▶ **What the task requires**:
What you return should match the material below line for line, except that no image appears in it.

▶ **Provided data**:
---*---

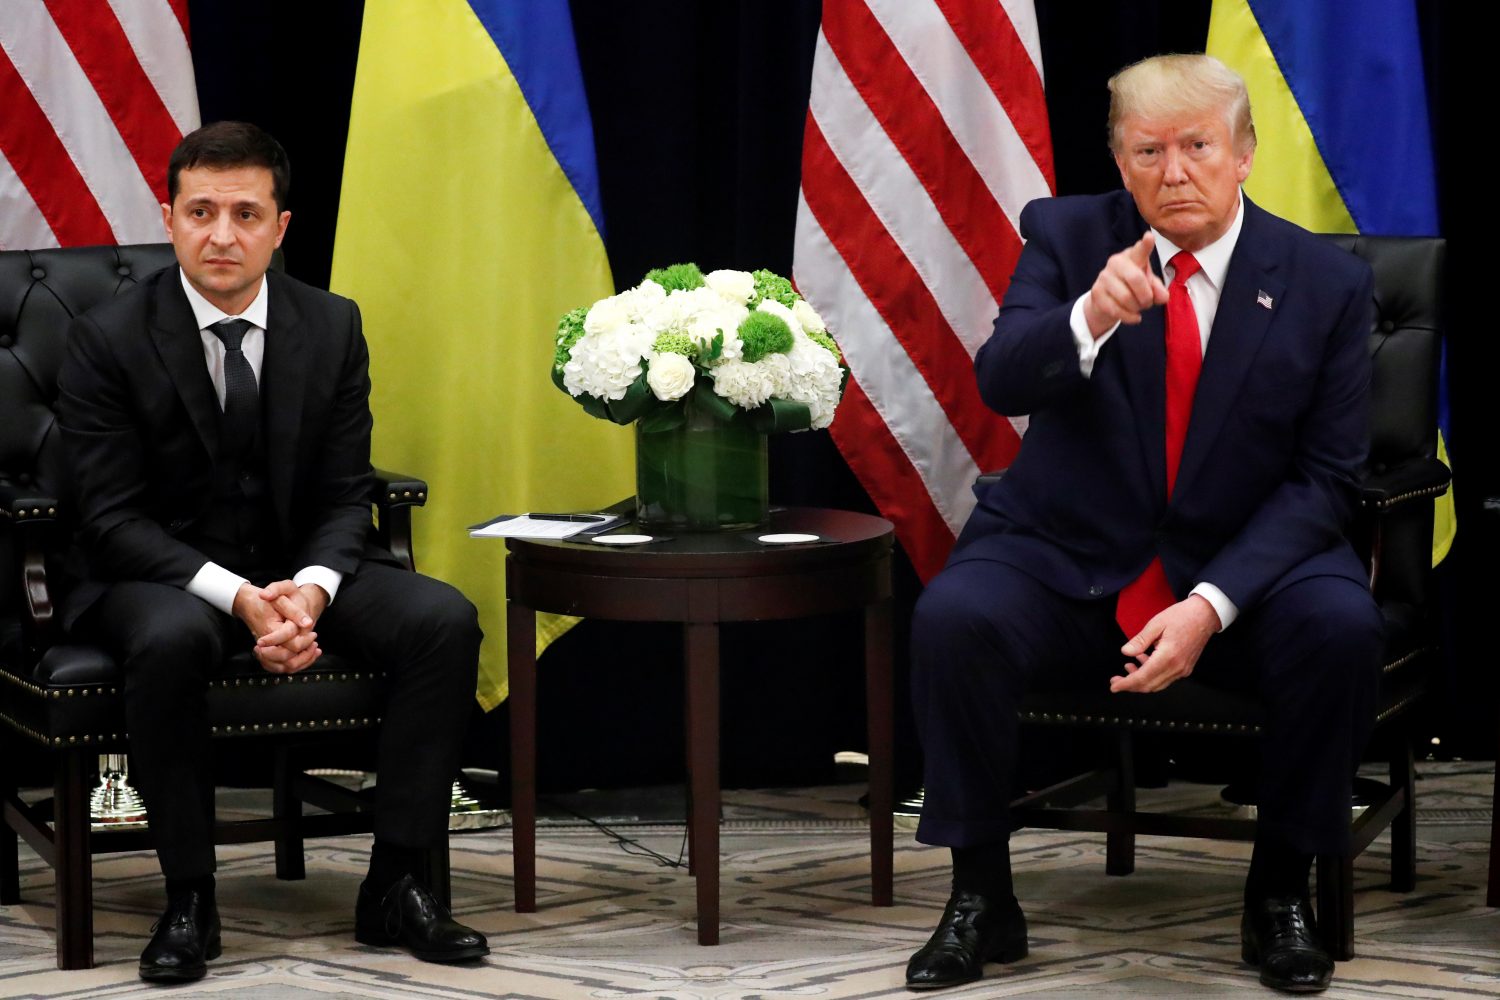 It’s counterintuitive but Trump impeachment inquiry may help Ukraine
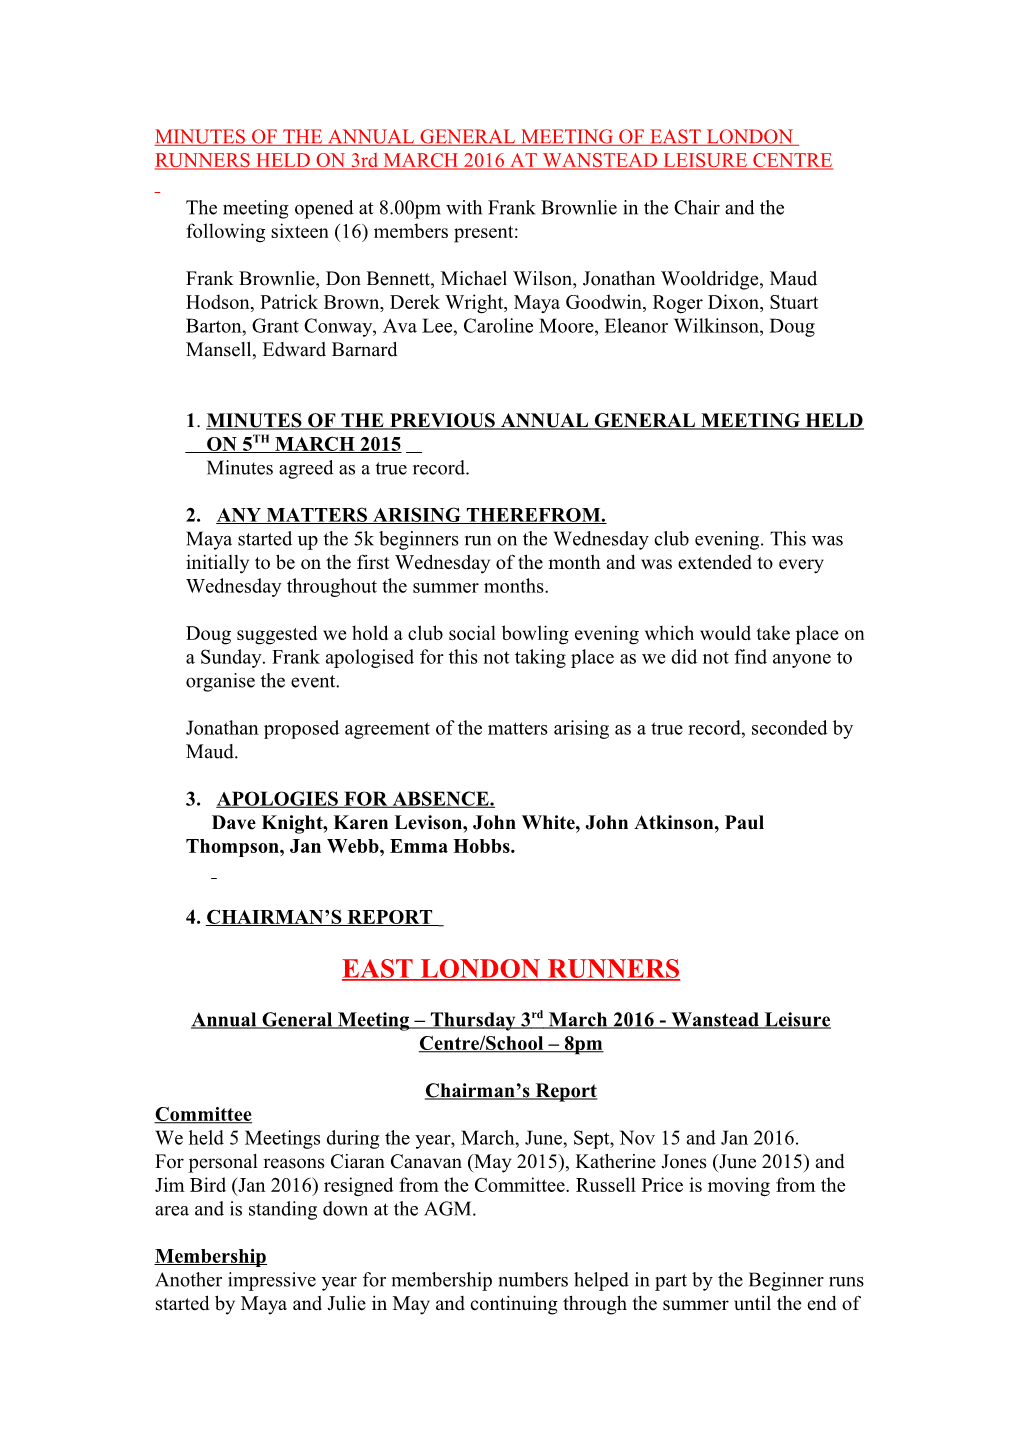 Minutes of the Annual General Meeting of East London Runners Held on 6Th March 2014 At
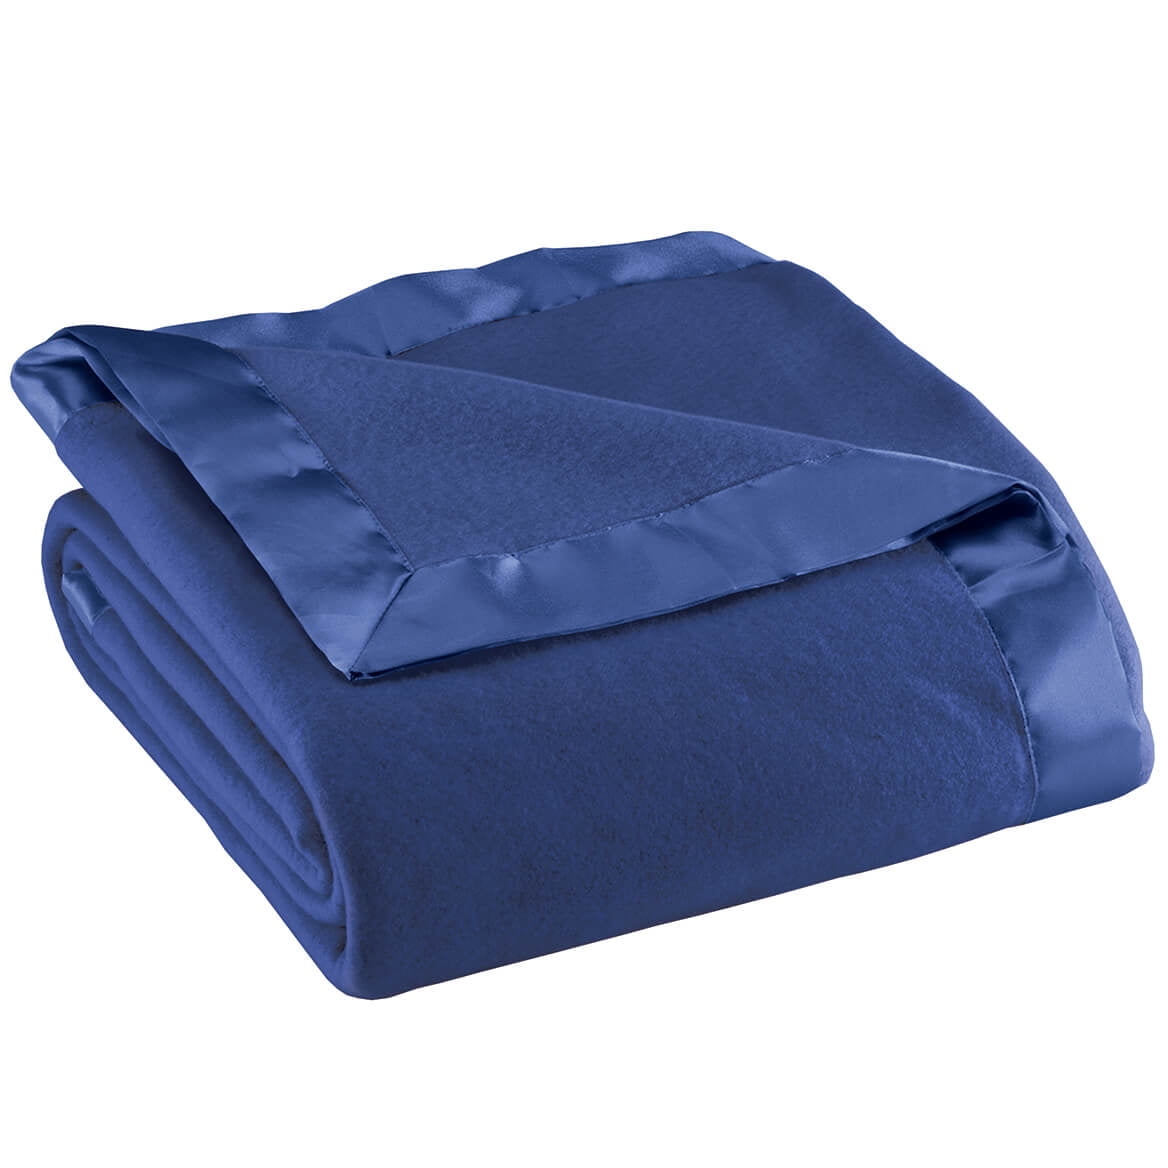 Satin Fleece Blanket by OakRidge, Full/Queen, Twin or King Size – 100%  Polyester Lightweight Fabric and Cozy Satin Binding Edges in Tightly  Folding

---*---

▶ **Result for this exercise**:
 It’s counterintuitive but Trump impeachment inquiry may help Ukraine
 Minutes of the Annual General Meeting of East London Runners Held on 6Th March 2014 At
 Satin Fleece Blanket by OakRidge, Full/Queen, Twin or King Size – 100%  Polyester Lightweight Fabric and Cozy Satin Binding Edges in Tightly  Folding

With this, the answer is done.